§ **TASK GOAL**
Restate the listing below word for word; no pictures belong in the copy.

§ **GIVEN INFORMATION**
________________________________________

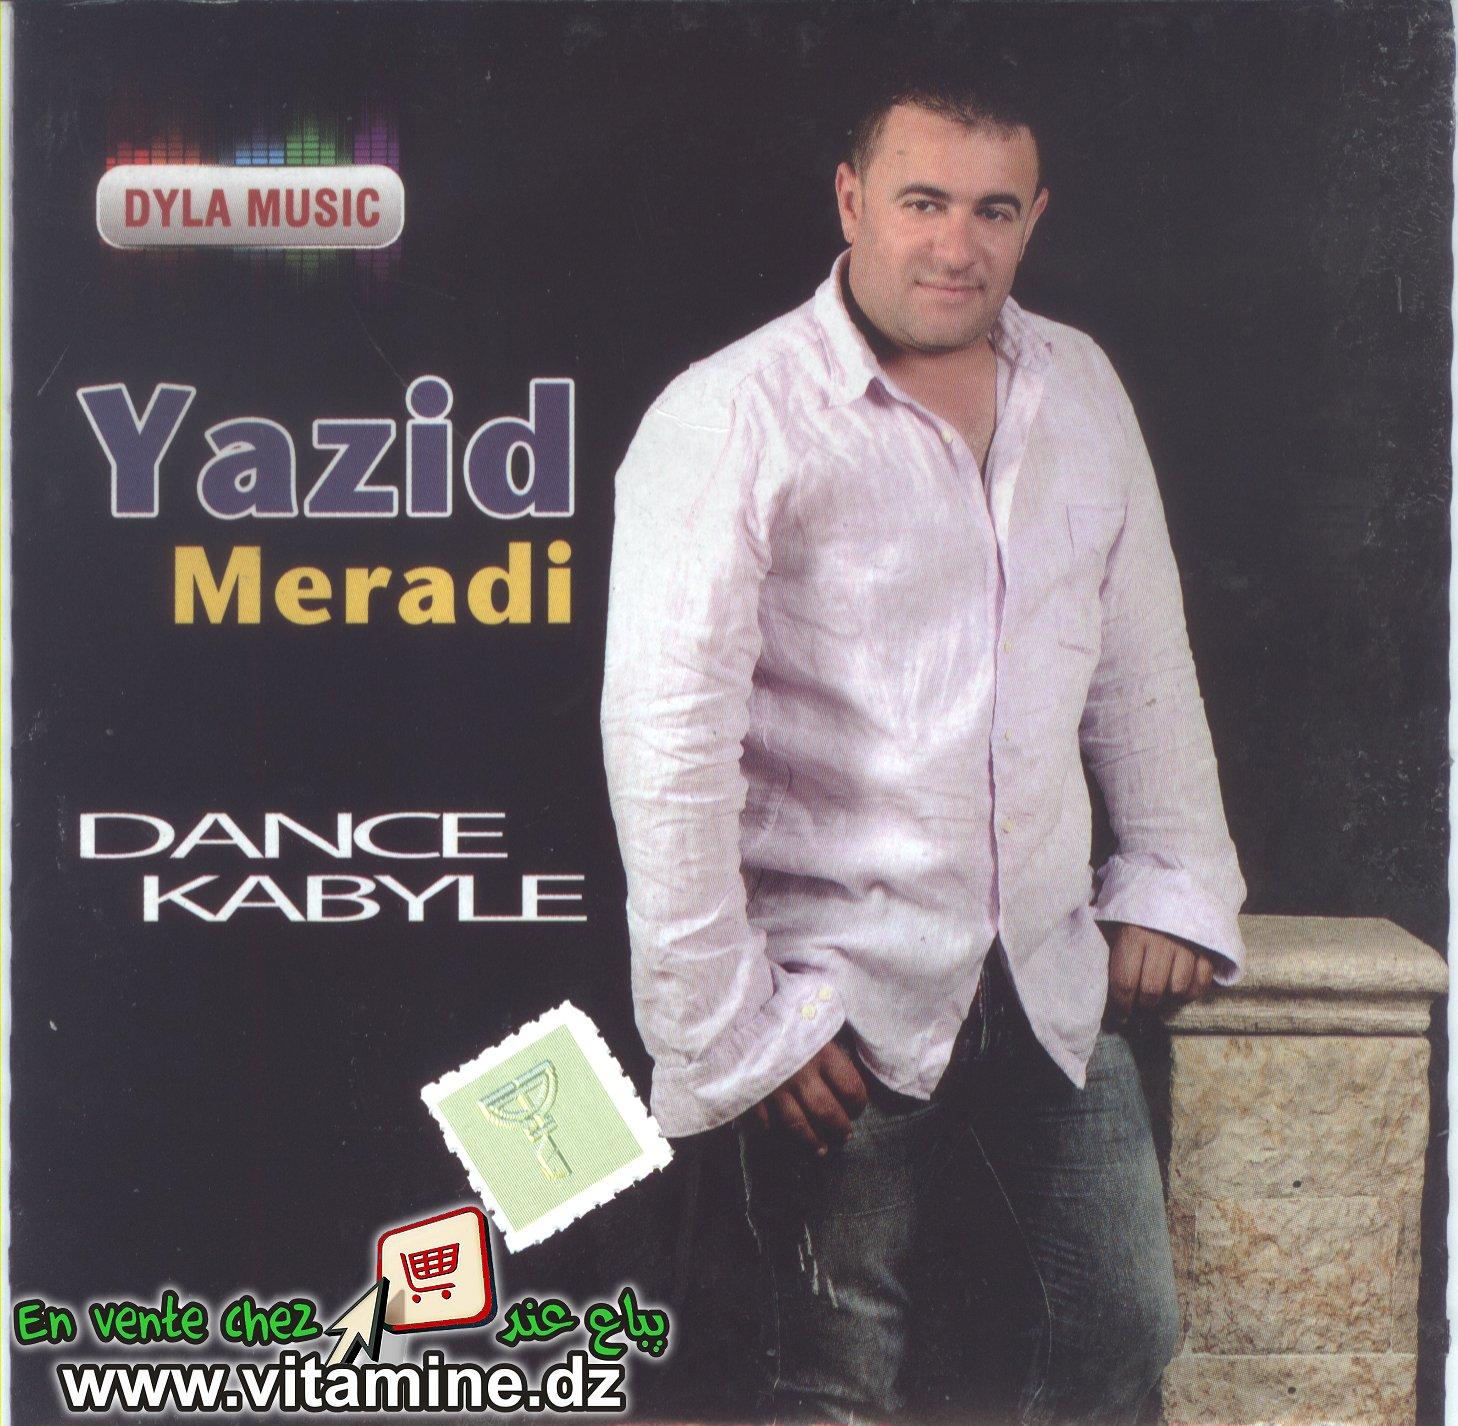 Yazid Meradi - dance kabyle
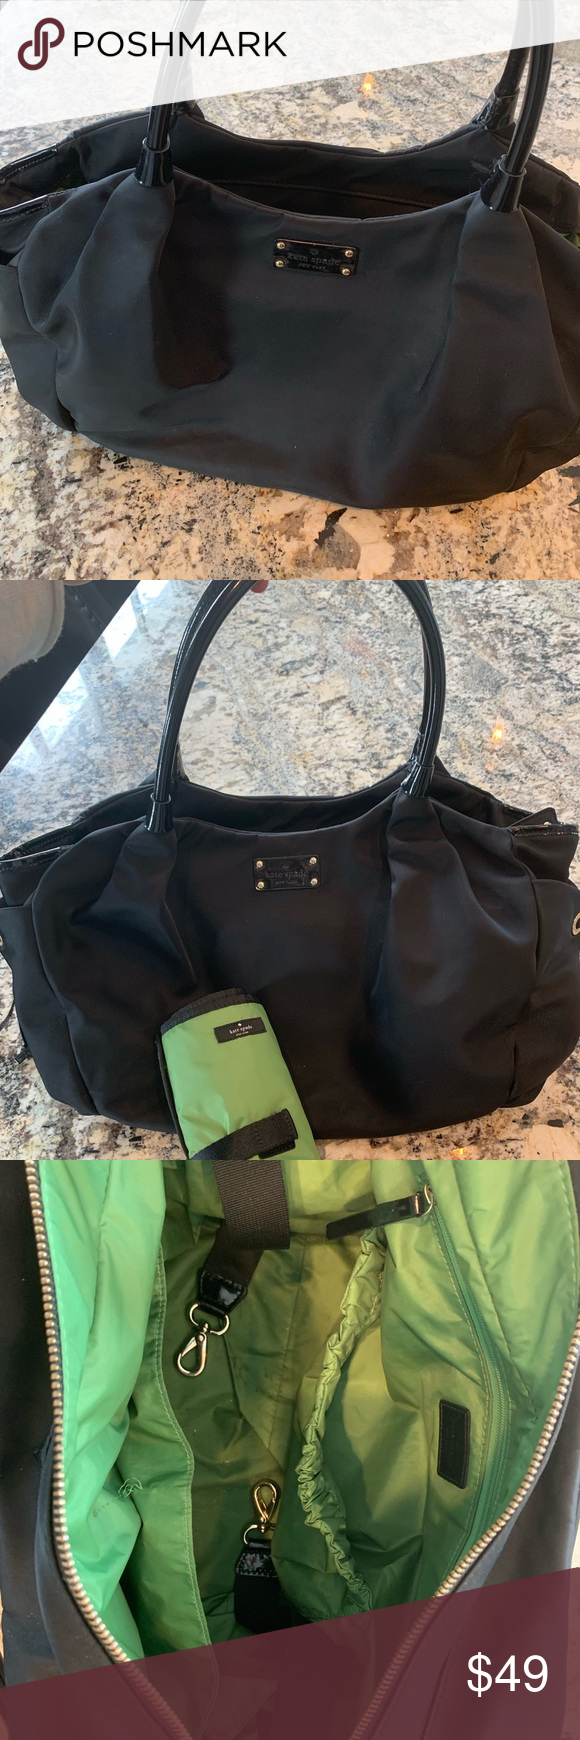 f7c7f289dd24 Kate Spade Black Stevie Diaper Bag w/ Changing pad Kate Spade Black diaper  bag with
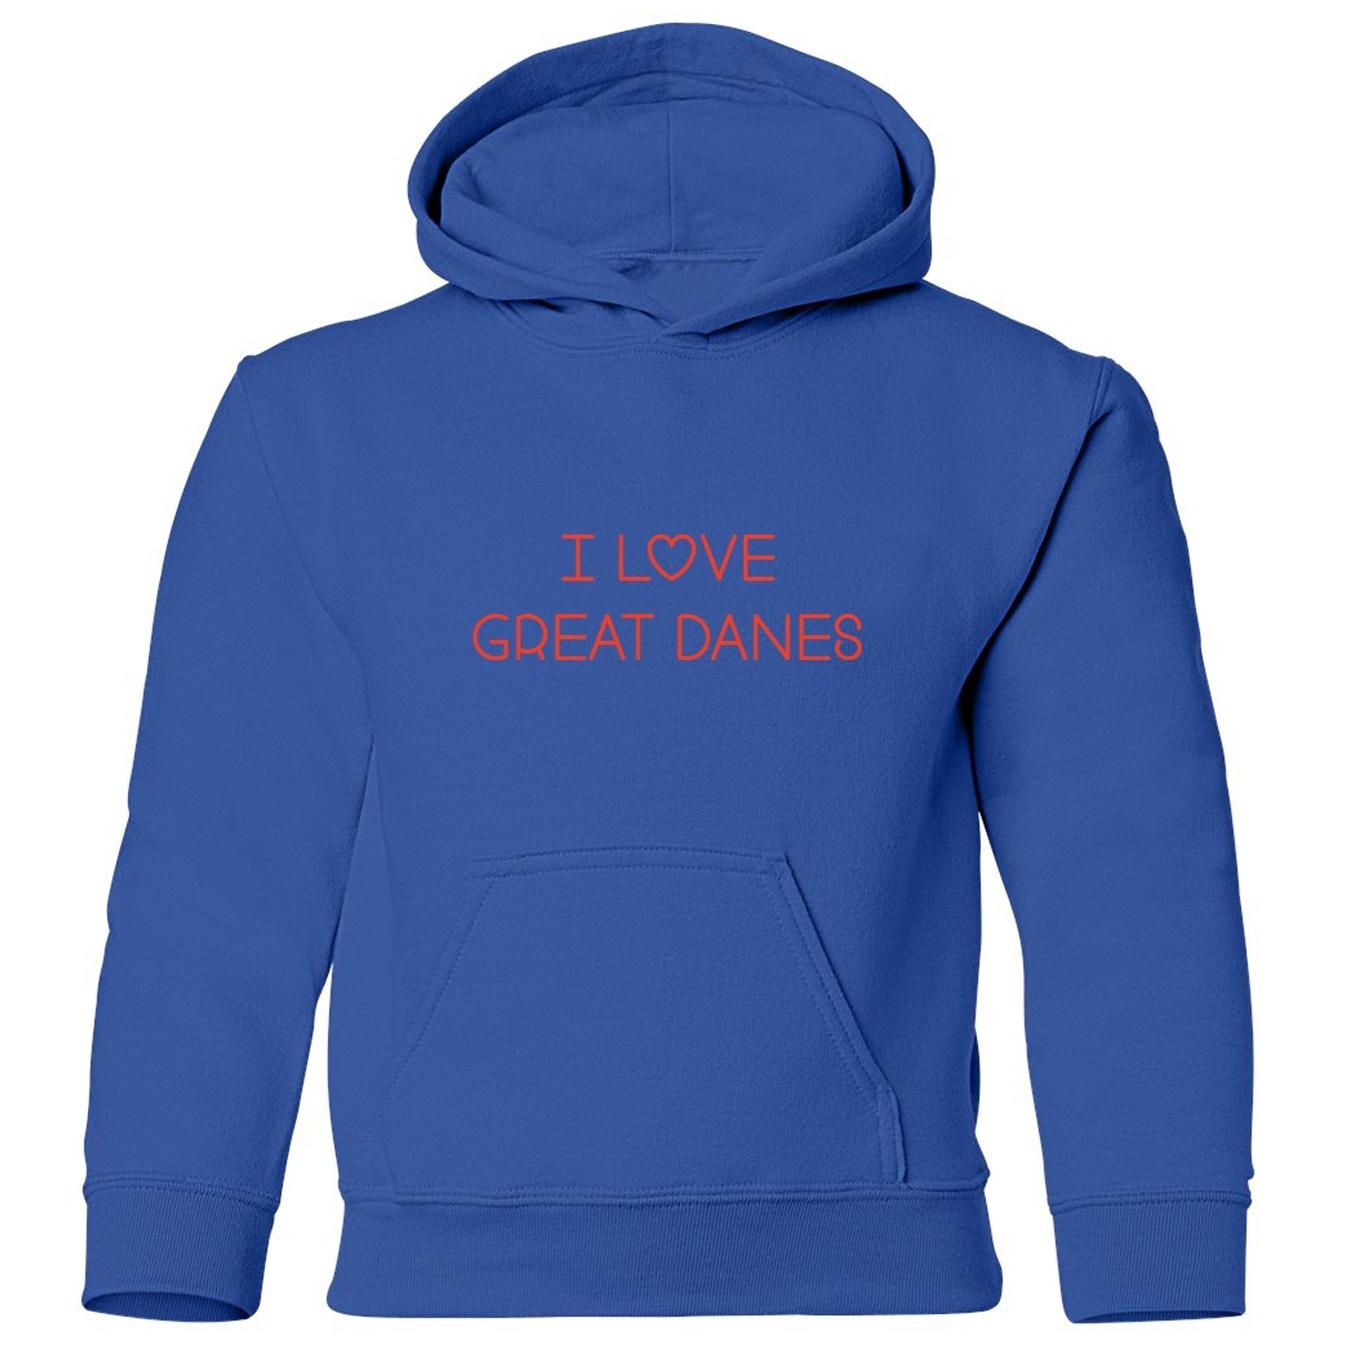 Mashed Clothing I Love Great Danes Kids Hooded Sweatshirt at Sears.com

________________________________________

§ **EXPECTED ANSWER**
 Yazid Meradi - dance kabyle
 f7c7f289dd24 Kate Spade Black Stevie Diaper Bag w/ Changing pad Kate Spade Black diaper  bag with
 Mashed Clothing I Love Great Danes Kids Hooded Sweatshirt at Sears.com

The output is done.